** Opening Records supplied block **
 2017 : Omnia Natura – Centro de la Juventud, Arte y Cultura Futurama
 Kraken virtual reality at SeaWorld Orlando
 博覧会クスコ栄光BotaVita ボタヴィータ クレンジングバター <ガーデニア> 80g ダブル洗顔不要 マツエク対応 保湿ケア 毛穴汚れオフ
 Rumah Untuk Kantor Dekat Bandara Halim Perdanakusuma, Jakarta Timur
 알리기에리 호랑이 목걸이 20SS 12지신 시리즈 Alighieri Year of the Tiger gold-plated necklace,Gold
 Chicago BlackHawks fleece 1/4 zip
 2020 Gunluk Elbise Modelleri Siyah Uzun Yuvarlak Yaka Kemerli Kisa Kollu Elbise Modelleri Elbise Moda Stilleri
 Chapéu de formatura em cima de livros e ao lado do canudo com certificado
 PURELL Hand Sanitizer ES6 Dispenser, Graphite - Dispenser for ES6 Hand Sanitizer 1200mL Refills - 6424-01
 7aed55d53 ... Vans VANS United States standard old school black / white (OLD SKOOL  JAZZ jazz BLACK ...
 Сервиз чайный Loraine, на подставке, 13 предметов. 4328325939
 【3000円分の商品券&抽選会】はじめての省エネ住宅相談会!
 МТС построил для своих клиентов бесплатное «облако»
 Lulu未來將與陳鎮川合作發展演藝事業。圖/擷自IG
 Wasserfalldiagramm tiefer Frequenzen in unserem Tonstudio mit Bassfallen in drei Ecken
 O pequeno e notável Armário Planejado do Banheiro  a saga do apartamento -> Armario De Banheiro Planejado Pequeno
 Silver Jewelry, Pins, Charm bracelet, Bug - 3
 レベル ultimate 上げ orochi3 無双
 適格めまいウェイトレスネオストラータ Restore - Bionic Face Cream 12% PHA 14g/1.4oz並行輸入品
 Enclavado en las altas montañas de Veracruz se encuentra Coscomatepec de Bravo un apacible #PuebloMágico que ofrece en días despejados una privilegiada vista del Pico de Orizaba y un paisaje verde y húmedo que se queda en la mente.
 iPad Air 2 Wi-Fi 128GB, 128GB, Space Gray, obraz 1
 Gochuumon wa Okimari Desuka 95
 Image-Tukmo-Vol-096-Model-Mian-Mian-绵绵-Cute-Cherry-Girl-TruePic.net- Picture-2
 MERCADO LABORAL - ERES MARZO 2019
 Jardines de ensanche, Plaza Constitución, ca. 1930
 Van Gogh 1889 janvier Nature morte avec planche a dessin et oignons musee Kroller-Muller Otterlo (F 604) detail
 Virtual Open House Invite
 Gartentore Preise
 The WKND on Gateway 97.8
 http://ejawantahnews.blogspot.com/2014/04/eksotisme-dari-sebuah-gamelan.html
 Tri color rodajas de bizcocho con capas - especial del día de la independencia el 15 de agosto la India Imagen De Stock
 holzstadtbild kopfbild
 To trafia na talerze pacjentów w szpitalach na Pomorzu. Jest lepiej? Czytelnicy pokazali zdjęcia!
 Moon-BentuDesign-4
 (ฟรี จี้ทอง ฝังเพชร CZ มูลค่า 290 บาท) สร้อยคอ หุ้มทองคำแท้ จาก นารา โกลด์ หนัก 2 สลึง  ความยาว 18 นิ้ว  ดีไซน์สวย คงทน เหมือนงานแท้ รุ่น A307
** Closing Records supplied block **
▶ _What is needed_
Output the full listing. Match it exactly.

▶ _Exercise output_
 2017 : Omnia Natura – Centro de la Juventud, Arte y Cultura Futurama
 Kraken virtual reality at SeaWorld Orlando
 博覧会クスコ栄光BotaVita ボタヴィータ クレンジングバター <ガーデニア> 80g ダブル洗顔不要 マツエク対応 保湿ケア 毛穴汚れオフ
 Rumah Untuk Kantor Dekat Bandara Halim Perdanakusuma, Jakarta Timur
 알리기에리 호랑이 목걸이 20SS 12지신 시리즈 Alighieri Year of the Tiger gold-plated necklace,Gold
 Chicago BlackHawks fleece 1/4 zip
 2020 Gunluk Elbise Modelleri Siyah Uzun Yuvarlak Yaka Kemerli Kisa Kollu Elbise Modelleri Elbise Moda Stilleri
 Chapéu de formatura em cima de livros e ao lado do canudo com certificado
 PURELL Hand Sanitizer ES6 Dispenser, Graphite - Dispenser for ES6 Hand Sanitizer 1200mL Refills - 6424-01
 7aed55d53 ... Vans VANS United States standard old school black / white (OLD SKOOL  JAZZ jazz BLACK ...
 Сервиз чайный Loraine, на подставке, 13 предметов. 4328325939
 【3000円分の商品券&抽選会】はじめての省エネ住宅相談会!
 МТС построил для своих клиентов бесплатное «облако»
 Lulu未來將與陳鎮川合作發展演藝事業。圖/擷自IG
 Wasserfalldiagramm tiefer Frequenzen in unserem Tonstudio mit Bassfallen in drei Ecken
 O pequeno e notável Armário Planejado do Banheiro  a saga do apartamento -> Armario De Banheiro Planejado Pequeno
 Silver Jewelry, Pins, Charm bracelet, Bug - 3
 レベル ultimate 上げ orochi3 無双
 適格めまいウェイトレスネオストラータ Restore - Bionic Face Cream 12% PHA 14g/1.4oz並行輸入品
 Enclavado en las altas montañas de Veracruz se encuentra Coscomatepec de Bravo un apacible #PuebloMágico que ofrece en días despejados una privilegiada vista del Pico de Orizaba y un paisaje verde y húmedo que se queda en la mente.
 iPad Air 2 Wi-Fi 128GB, 128GB, Space Gray, obraz 1
 Gochuumon wa Okimari Desuka 95
 Image-Tukmo-Vol-096-Model-Mian-Mian-绵绵-Cute-Cherry-Girl-TruePic.net- Picture-2
 MERCADO LABORAL - ERES MARZO 2019
 Jardines de ensanche, Plaza Constitución, ca. 1930
 Van Gogh 1889 janvier Nature morte avec planche a dessin et oignons musee Kroller-Muller Otterlo (F 604) detail
 Virtual Open House Invite
 Gartentore Preise
 The WKND on Gateway 97.8
 http://ejawantahnews.blogspot.com/2014/04/eksotisme-dari-sebuah-gamelan.html
 Tri color rodajas de bizcocho con capas - especial del día de la independencia el 15 de agosto la India Imagen De Stock
 holzstadtbild kopfbild
 To trafia na talerze pacjentów w szpitalach na Pomorzu. Jest lepiej? Czytelnicy pokazali zdjęcia!
 Moon-BentuDesign-4
 (ฟรี จี้ทอง ฝังเพชร CZ มูลค่า 290 บาท) สร้อยคอ หุ้มทองคำแท้ จาก นารา โกลด์ หนัก 2 สลึง  ความยาว 18 นิ้ว  ดีไซน์สวย คงทน เหมือนงานแท้ รุ่น A307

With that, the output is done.